In any of these cases, the vertical furnace used for mass production is required to be able to uniformly process a large number of wafers as objects to be processed at once. It is desired that the temperature of the center zone in the heated state is uniform. This demand remains unchanged even when wafers become larger as production volume increases.

(b) Conventional technology Figure 2 is a side sectional view schematically showing a typical configuration of a conventional vertical furnace. For example, a furnace core tube l made of quartz glass,
A cap 2 made of fallen quartz glass that covers the opening of the furnace core tube 1, heaters 3.4 and 5 disposed around the furnace core tube 1 to heat the furnace core tube 1, and a heat insulating material such as quartz glass wool. It consists of a heat insulating layer 6 that covers the outside of the empty reheaters 3 to 5 and the exposed portion of the furnace core tube 1 to suppress heat radiation from the furnace core tube 1 and the heaters 3 to 5. Note that 1a and 1b are provided in the furnace core tube 1 and are a gas inlet and a gas outlet, respectively, when passing gas into the furnace core tube 1.

The heater 3 is located in the center zone a region of the furnace core tube 1 where the wafer A is inserted and heat-treated, and heats the center zone a. The heater (upper heater) 5 is located in the zone b region and heats the end zone b, and the heater (upper heater) 5 is located in the end zone C region continuous above the center zone a and heats the end zone C. Note that B is a support rod for supporting and inserting the wafer A.

The lengths of heaters 4 and 5 (in the vertical direction) are approximately the same, about a little less than half the length of heater 3, and these heaters 3 to 5 are made of the same heating wire, such as a Kanthal wire. , are arranged around the furnace core tube 1 with substantially the same density, such as being wound at equal intervals, for example.

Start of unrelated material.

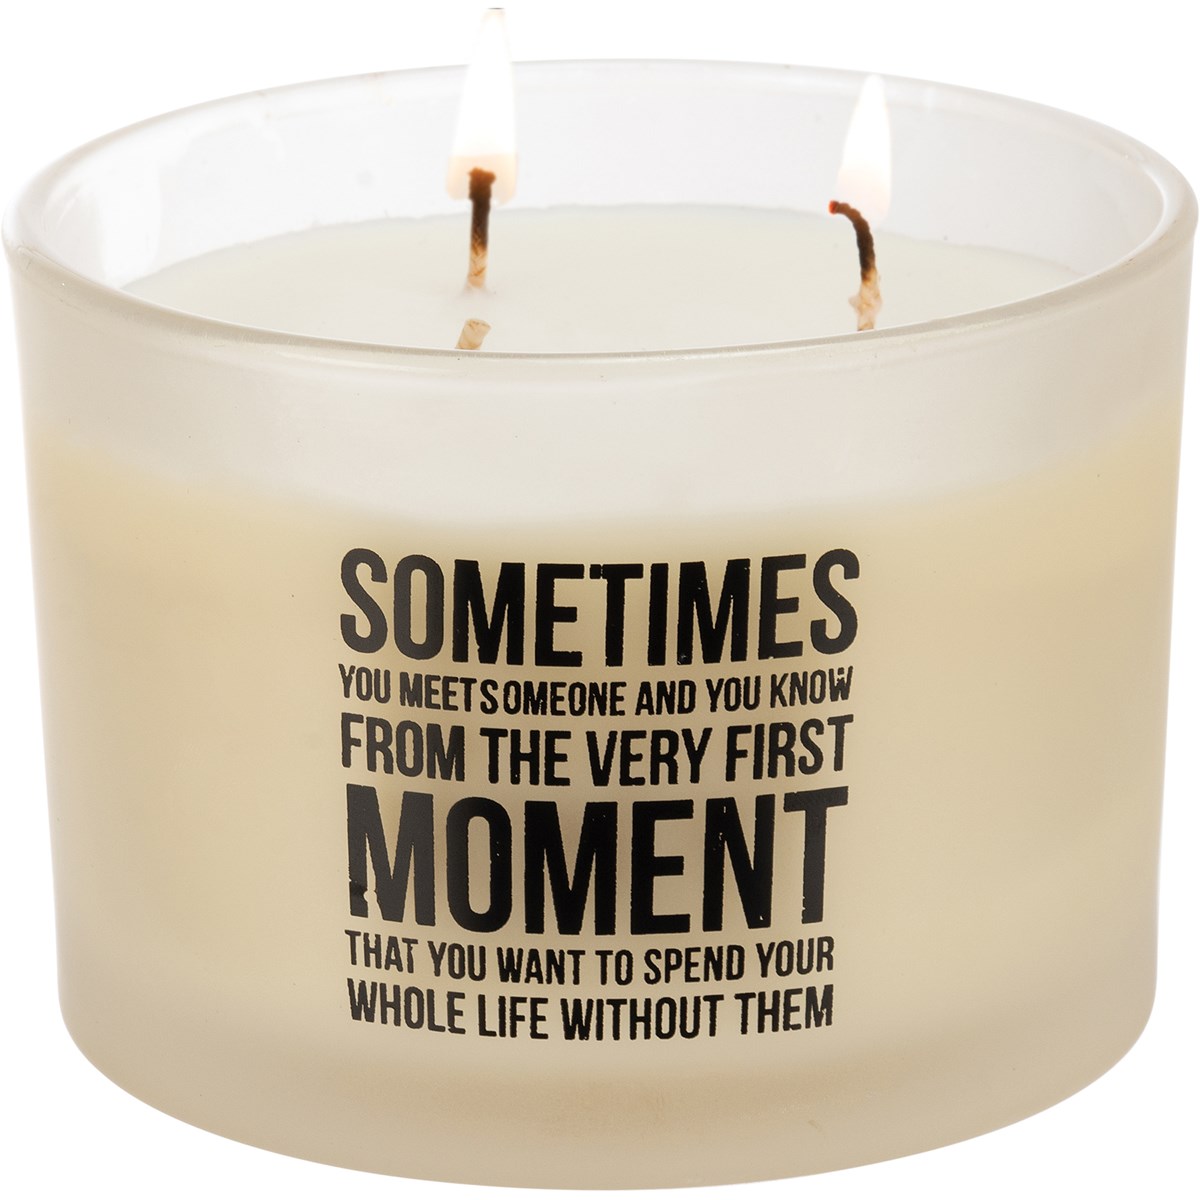 Spend Your Whole Life Without Them Candle - Soy Wax, Glass, Cotton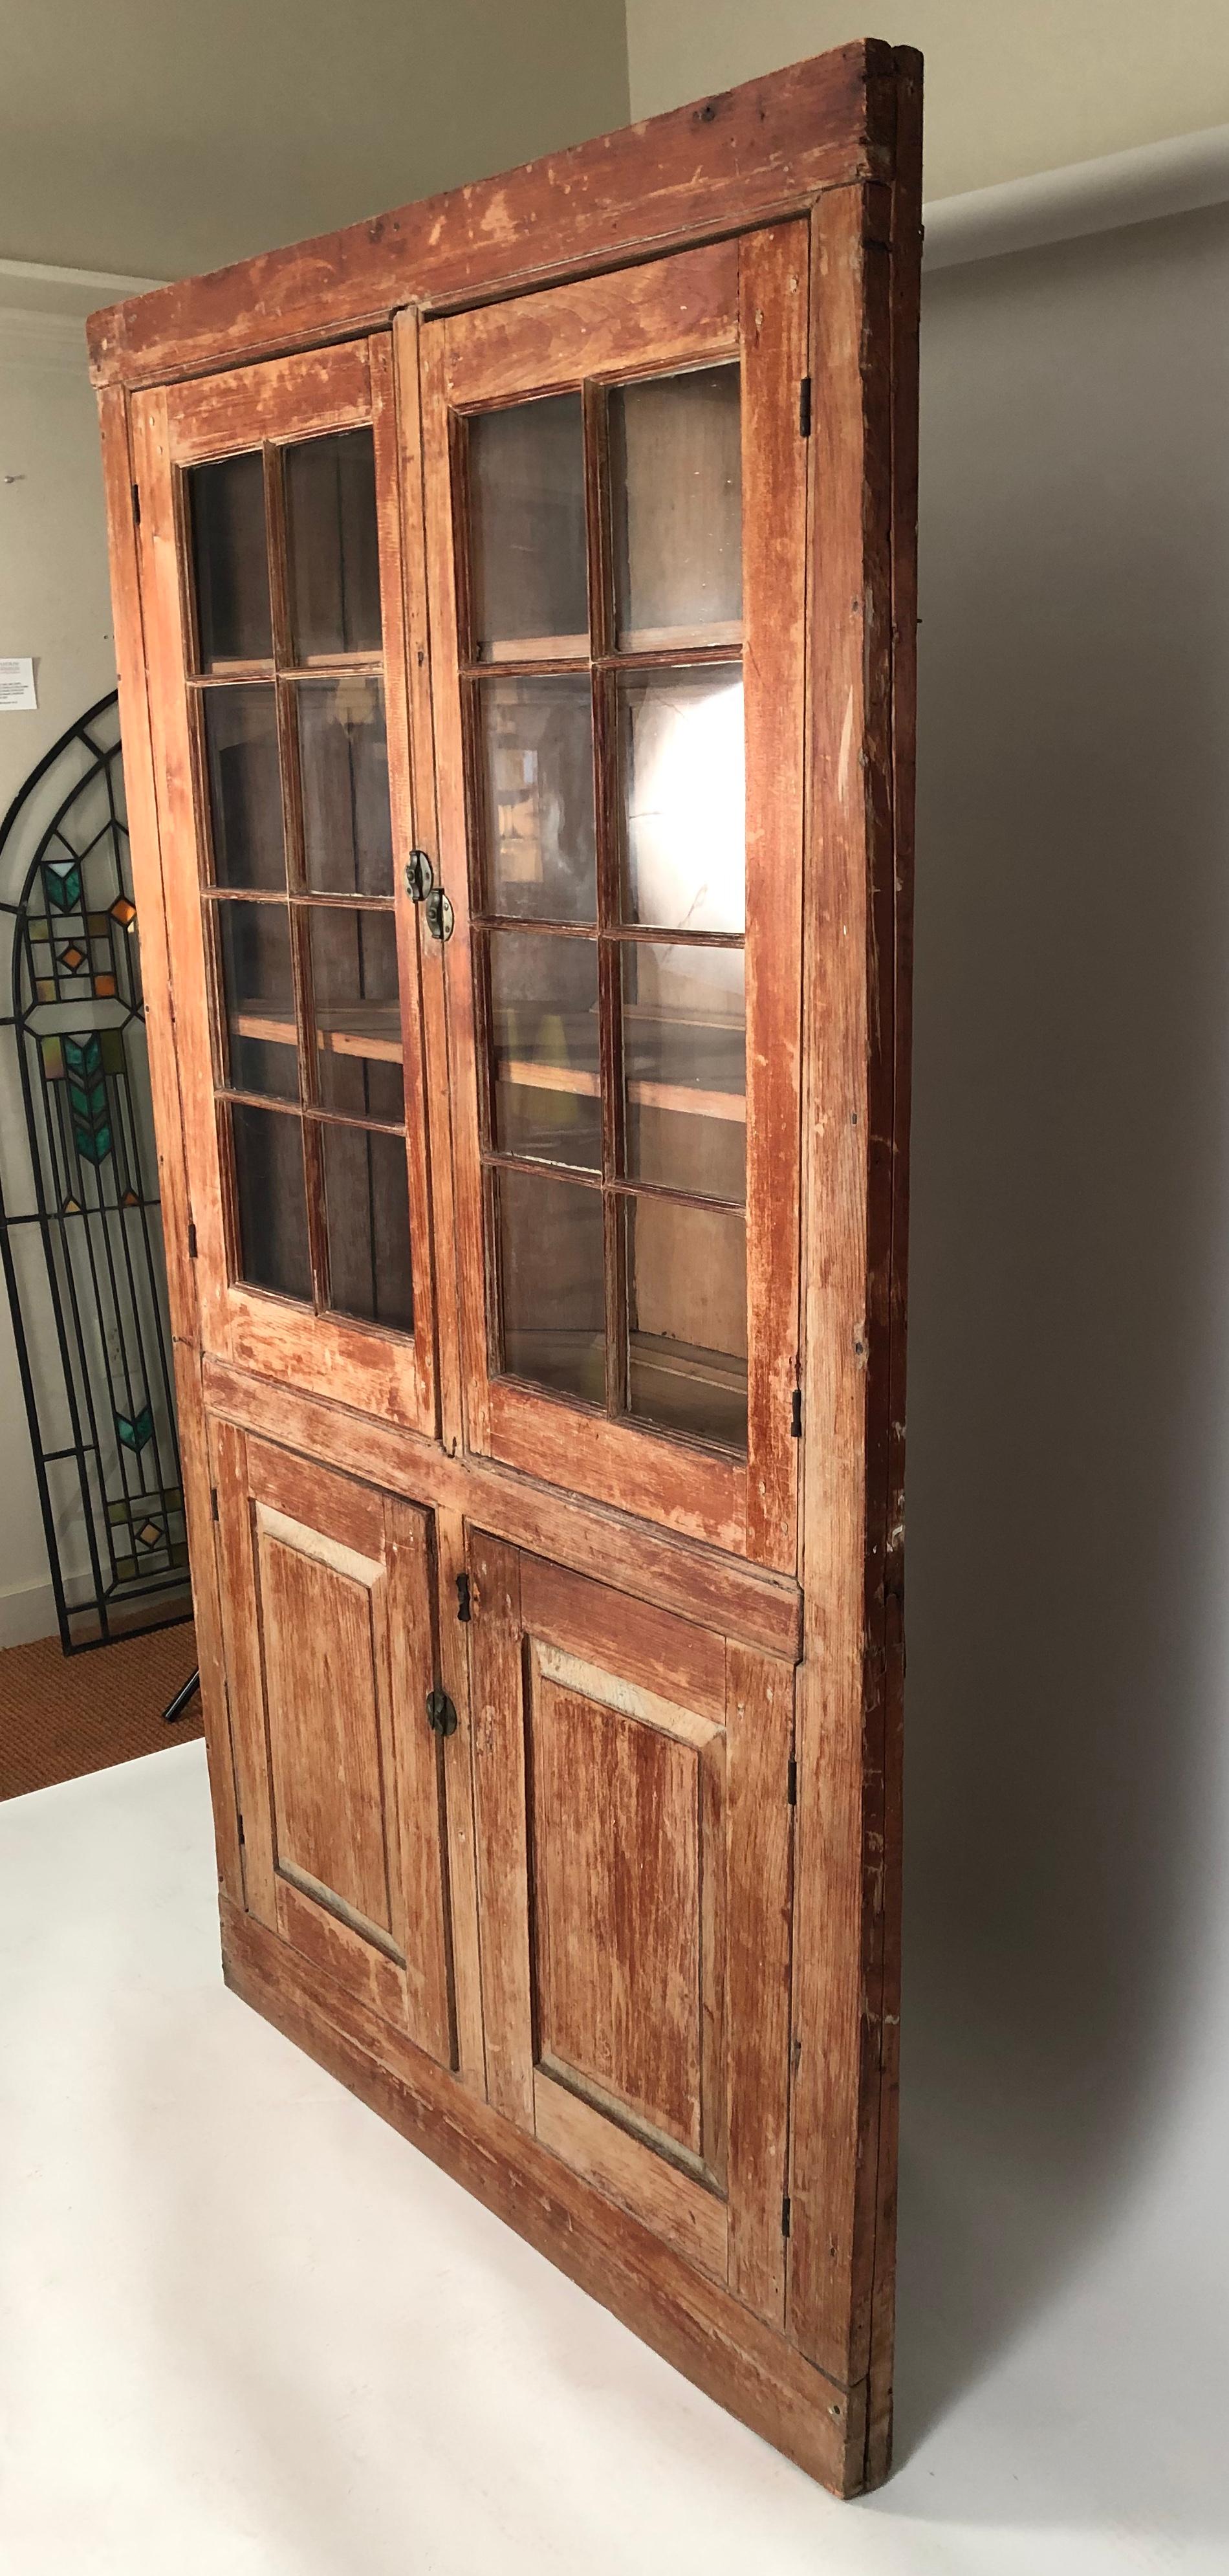 A 19th century American painted country corner cupboard, circa 1840, with wonderful old surface, in pine with layers of original old red and blue paint, in one piece, the upper section with two glazed doors enclosing three shelves, each with a plate

When heat-treating wafer A in a vertical furnace with this configuration, it is desirable to make the temperature in the center zone a uniform, and to achieve this, the temperature in the vertical direction in the furnace core tube l − The distribution is as shown in FIG.

That is, when heating is performed only by the heater 3, the temperature at the top and bottom of the center zone a becomes lower than the temperature at the center due to heat dissipation in the vertical direction.
and 5 are provided, but even if the heaters 4 and 5 are heated to the same heating degree (heating amount per length) as the heater 3, the heat dissipation from the upper and lower ends of the furnace core tube 1 cancels out the heat dissipation. is not done enough. Of course, if the heaters 4 and 5 are long enough, the effect of the end of the furnace core tube l will be eliminated, but the relative length of the center zone a will be too short to be practical.

Therefore, in order to make the temperature of the center zone a uniform, the degree of heating of the heaters 4 and 5 needs to be greater than that of the heater 3. From this, the temperature distribution becomes as shown in FIG.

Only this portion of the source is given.